Partial Selection on Hierarichal Index Not Working as Expected Beyond 2 Levels #2995

New issue

Closed

Partial Selection on Hierarichal Index Not Working as Expected Beyond 2 Levels#2995

Description

dragoljub

opened

on Mar 9, 2013

The Pandas documentation states that a hierarchically indexed DataFrame can be partially selected from by passing a partial list of index values. For example if we have a 5-level index, then df.ix['A','B','C','D'] should return a DataFrame with the subset of rows where levels[0,1,2,3] match values ['A','B','C','D'] indexed with by the remaining lowest index level 5. I have found that this only works when partially selecting on the first two levels, anything beyond the first 2 levels requires the user to append a null slice at the end for .ix to work.

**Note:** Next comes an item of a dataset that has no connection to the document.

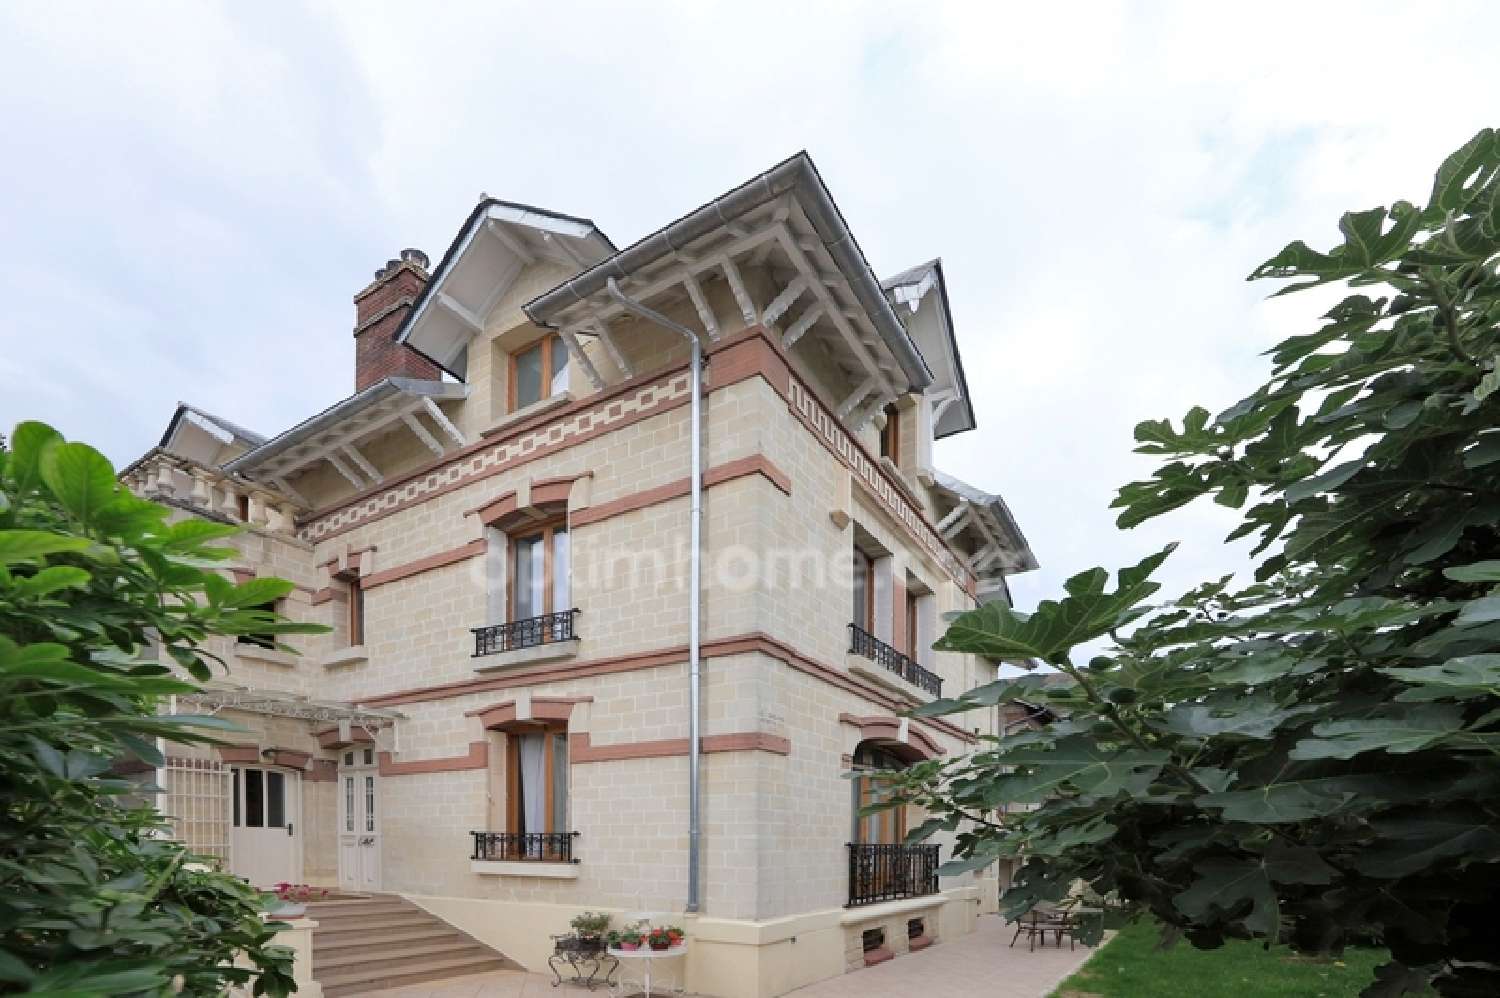  à vendre maison bourgeoise Beaumont-sur-Oise Val-d'Oise 4

This becomes cumbersome especially if you do not know exactly how many levels are available in a DataFrame after several processing steps. The same behavior persists regardless if your MultiIndex is int64 or string or mixed types.

It would be best if any partial tuple of index values passed to the .ix method returns a partial selection matching that tuple without requiring users to explicitly append the empty slice for the remaining levels. Let me know if this is how the .ix method is intended to work. It might be a simple fix of by checking if the tuple length == # levels and if not appending the empty slice within the .ix method.

Example Showing the Issue:

Take an example data set with 5 index levels, group by the first 4 levels and count the group sizes. Select the group with the largest size.

Results: (Clean Code Pasted Below IPython Output)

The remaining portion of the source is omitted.